Adrian Buehlmann - Feb. 20, 2014, 6:08 p.m.
On 2014-02-20 18:13, Kaz Nishimura wrote:
> To make a file completely deleted, we must have the last open file
> handle.  If we open the file non-exclusively, we cannot assure that and
> must always use slower rename and unlink.  If there is a way to make
> sure we have the last open handle, we can avoid exclusive open totally. 
> Can you suggest any?
> 
> Win32 API is unclear about hard links and the effect of the
> DELETE_ON_CLOSE flag.  If the flag is set and all open handles are
> closed, the file must be deleted according to the description, but if a
> handle is opened from another hard link, nothing is described about what
> happens.  I could be confused.  Apparently the flag must be set on the
> hard link not on the file itself.
> 
> We could add FLAG_SHARE_DELETE to make deletion of other hard links
> possible, but if any file handles with DELETE access might remain too
> long (I think unlikely), the file name (or hard link) can remain longer
> than we want.  Any solution here?

Back then when I wrote

  http://mercurial.selenic.com/wiki/UnlinkingFilesOnWindows

I think I found out a couple of those surprising (and silly..) aspects
by experimenting, not by reading docs.

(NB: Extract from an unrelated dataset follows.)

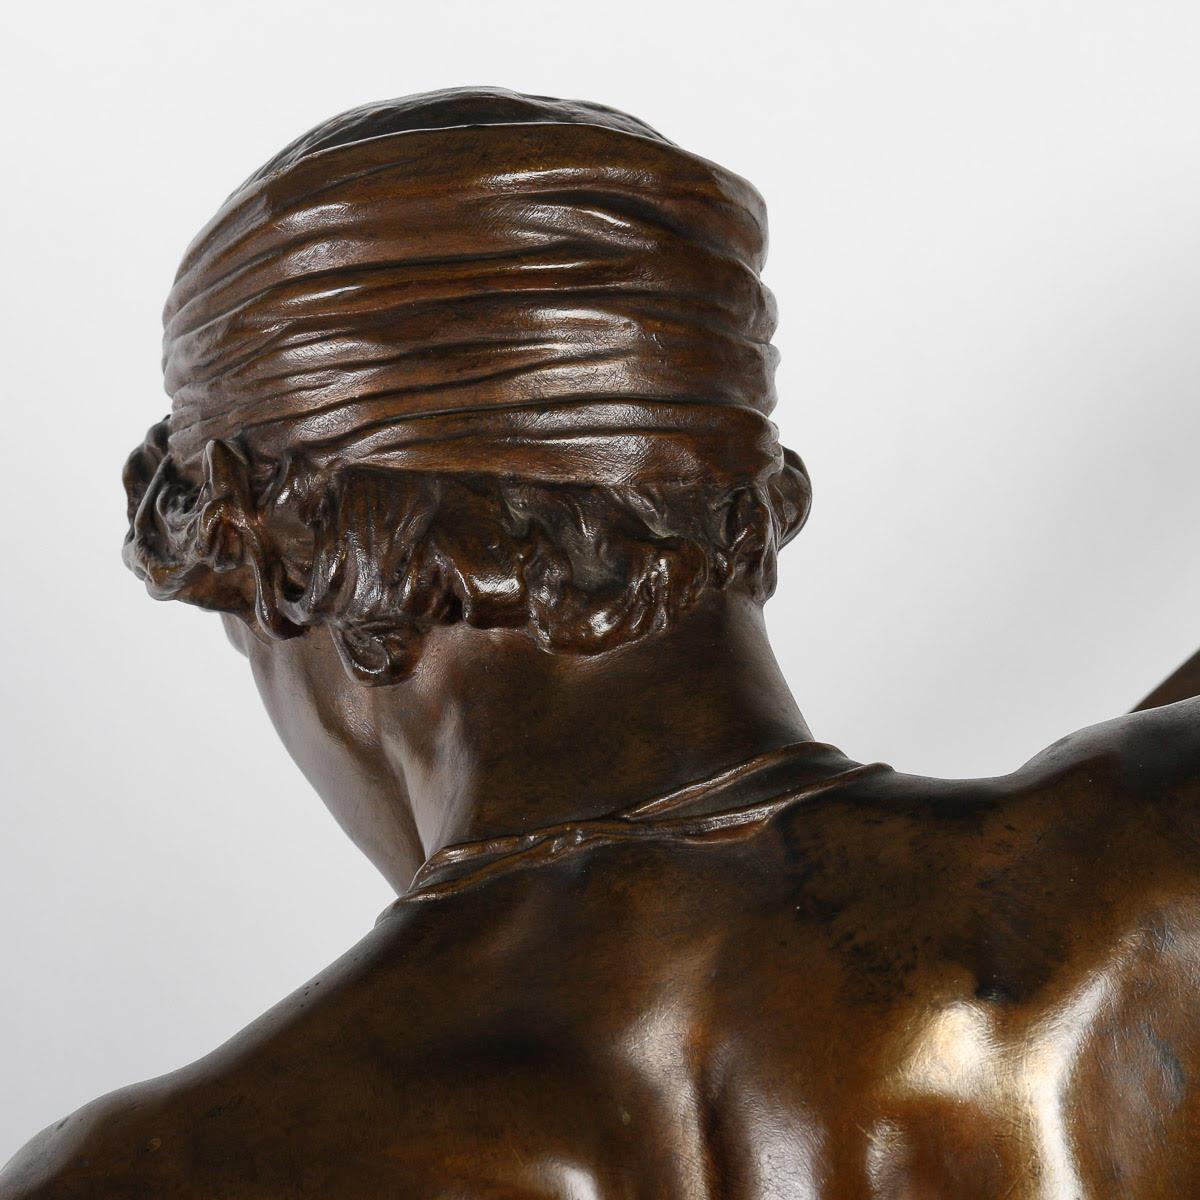 19th Century Bronze Sculpture by Antonin Mercier (1845-1916).

I think especially the amazing
things about hardlinks.

I'm currently not that much interested in using recent versions of
Mercurial, so I can't really help you that much taking decisions here. I
just responded because I was wrestling with these kind of things in the
past. Perhaps you can safely ignore my comments and just keep them in
mind in case problems should appear.
Kaz Nishimura - Feb. 21, 2014, 3:54 a.m.
I have confirmed with the following test program that exclusive open
actually denies deletion of a hard link to the same file.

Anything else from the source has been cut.